The hoax-hungry news media didn’t report the summer incidents with white women calling the police as crimes deserving of prosecution. They didn’t report that one white woman’s false police report should translate into a lack of trust of all white women.
And white men? Well, no matter how many times Trump lies, white men stay mansplaining and they certainly believe themselves. But the accusation is that Smollett staged an assault — that's a little more than trying to get your neighbor kicked out of the pool, right? Two brothers interviewed by Chicago Police claim that Smollett choreographed the attack and they even did a rehearsal the night before. Stories where white people blamed a person of another race for an attack they perpetrated or coordinated are too numerous to recount.
The walls of Alabama's Memorial for Peace and Justice, commemorating hundreds and hundreds of lynching, is lined with stories where white people falsely accused black people of a laundry list of offenses, from walking beneath a window where a white woman was bathing to assaulting a white man. The town of Rosewood was burned to the ground on one such false accusation. Despite the fact that many false accusations against black people fueled decades of extrajudicial murder and terror, white people are not largely judged as untrustworthy.

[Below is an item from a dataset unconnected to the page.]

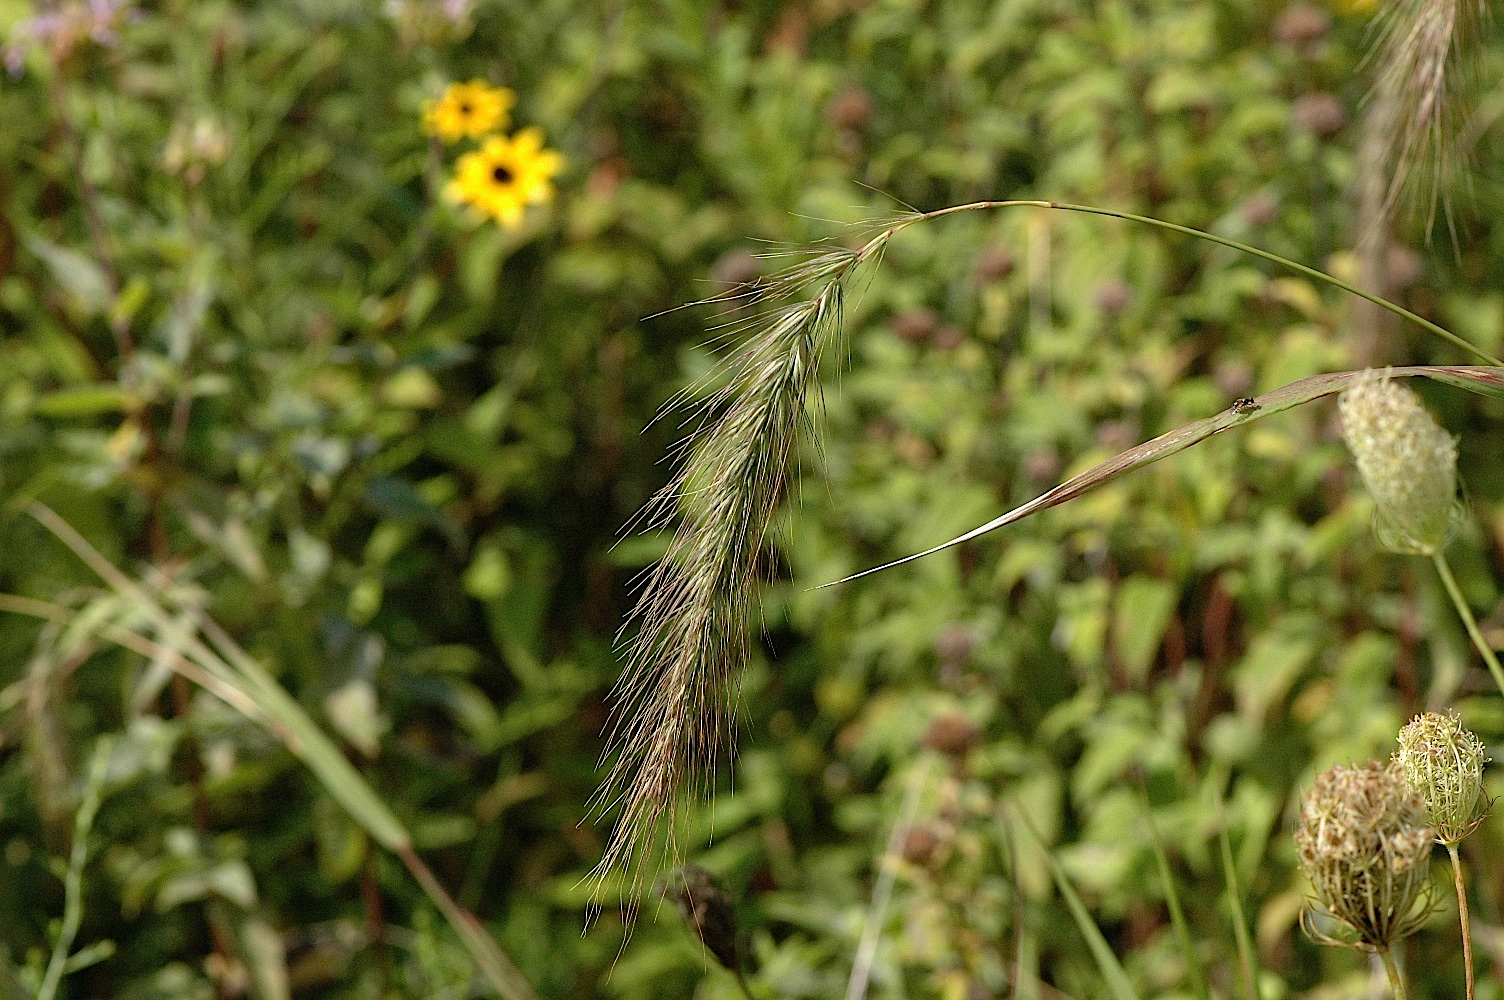 Field Biology in Southeastern Ohio: August 2011

In fact, the long history of inequality in our court system shows that the word of white people remains strong despite many individual white people who abused and misused their right to be believed.
Whatever the results of the investigation into the Jussie Smollett incident, we cannot accept that this will affect the word of all black people. We have worked so hard to open the eyes of Americans to the experiences of everyday racism, we must refuse to let those eyes close because of the action of one person who is struggling with their own issues.
In an era where we are trying to normalize believing victims, we can't let the actions of one individual stop the revolution. Whatever Smollett is responsible for, let him alone bear the burden.